The United States had just landed a man on the moon, but it was deeply mired in the mud of Vietnam and torn apart by domestic dissent. Moscow had reason to believe that capitalism was approaching its final phase and needed just another push. Western Europe was barely recovering from the upheaval of May ’68, and was still at odds with Uncle Sam. Leanings in “nonaligned” Latin America, Africa and Asia were more pro-Soviet than pro-American. The KGB, along with its dedicated junior partners such as the Romanian Securitate and the East-German Stasi, were fostering anti-western terrorist groups from Palestinian and Irish nationalist organizations through ultra-left urban terrorists such as the Italian Red Brigades and the (West-)German Red Army or Baader-Meinhof Gang. Through this prism, it was not too hard to portray Israel as damaging US efforts to improve relations with the Moslem world. The KGB constantly underwrote anti-Israeli and anti-Western subversion – the notorious “Jackal” Carlos was recruited and financed by the Soviets through Palestinian allies and much of his activity was aimed at Israel. The superpower contest was waged by proxy wars in the Middle East, Latin America, Asia and any other scene of opportunity from the space race to the Olympic Games.

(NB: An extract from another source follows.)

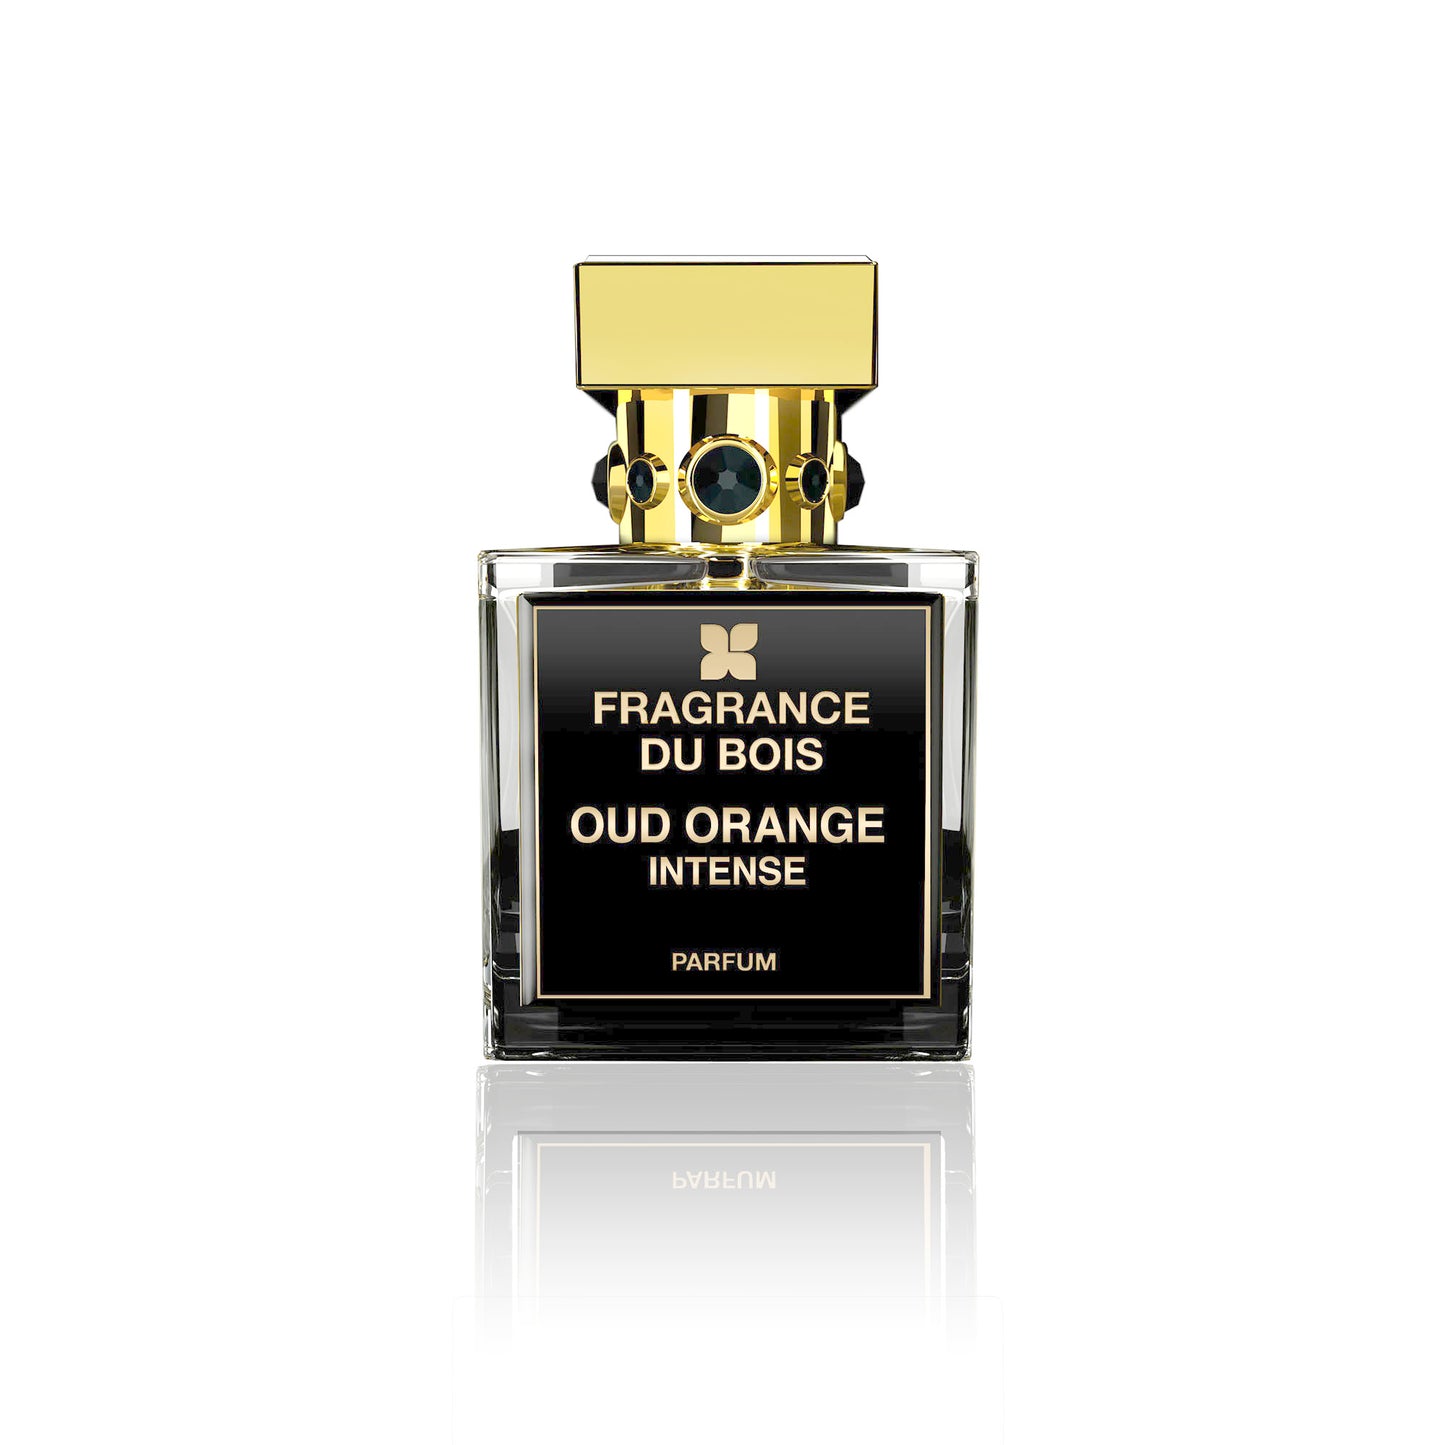 OUD ORANGE INTENSE 2ml Sample Vial - Eau De Parfum

The Phantoms did arrive in Israel and went into action, but so many of them were shot down by the Soviet regulars’ SAMs that Israel was constrained to accept a cease-fire, ending the War of Attrition a year after Andropov’s initiative. The USSR immediately resumed preparation of the Egyptian Army for the complex operation of crossing the Suez Canal; more importantly, the Egyptians and Soviets violated the truce right away by advancing the anti-aircraft missile shield up to the canal bank, creating the protective envelope that would enable the cross-canal attack in the Yom Kippur War three years later.

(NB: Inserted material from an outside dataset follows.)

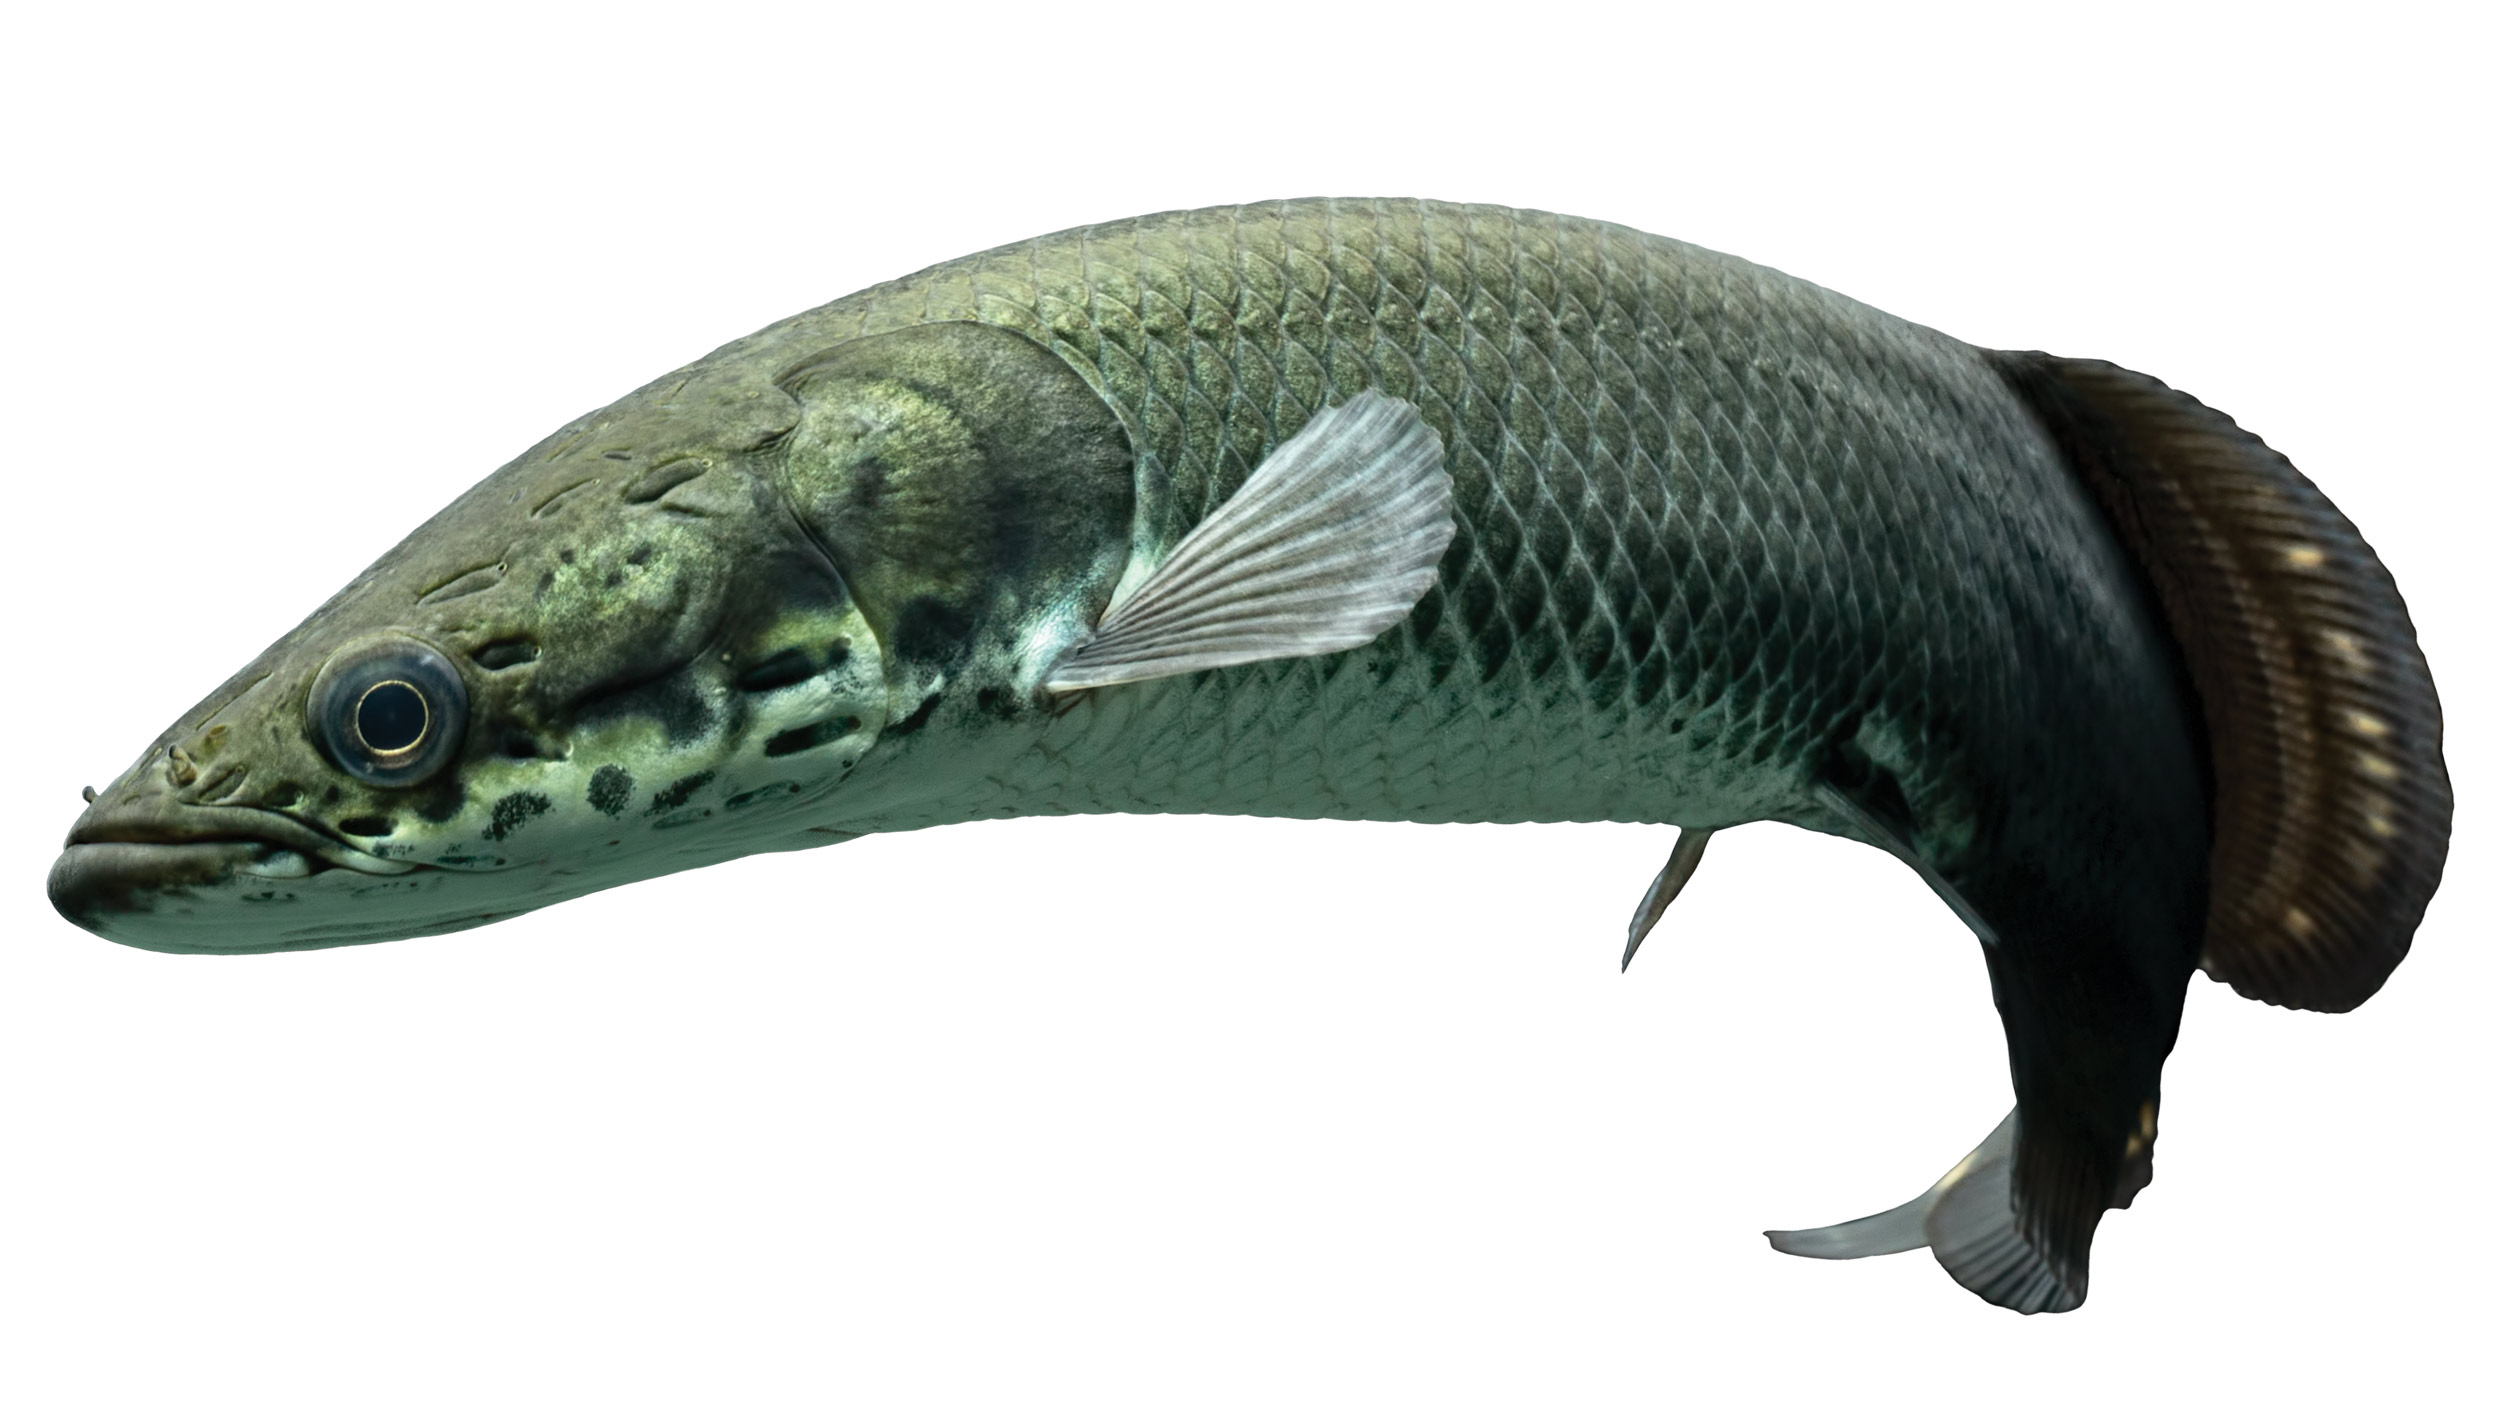 Amazonian freshwater fish, Arapaima gigas

One can’t tell whether Andropov considered those 5,000 rupees well spent. This was one of many small operations that the fearsome Soviet superpower conducted against real or perceived adversaries. We do know that since soon after Israel’s establishment in 1948, it was a major target for the KGB, and remains one for the latter’s successor agency in foreign intelligence, the SVR. Andropov progressed from spy chief to the top leadership of the Soviet Union; decades after the USSR broke up, another KGB product now occupies the same Kremlin office in post-Soviet Russia. History has come full circle.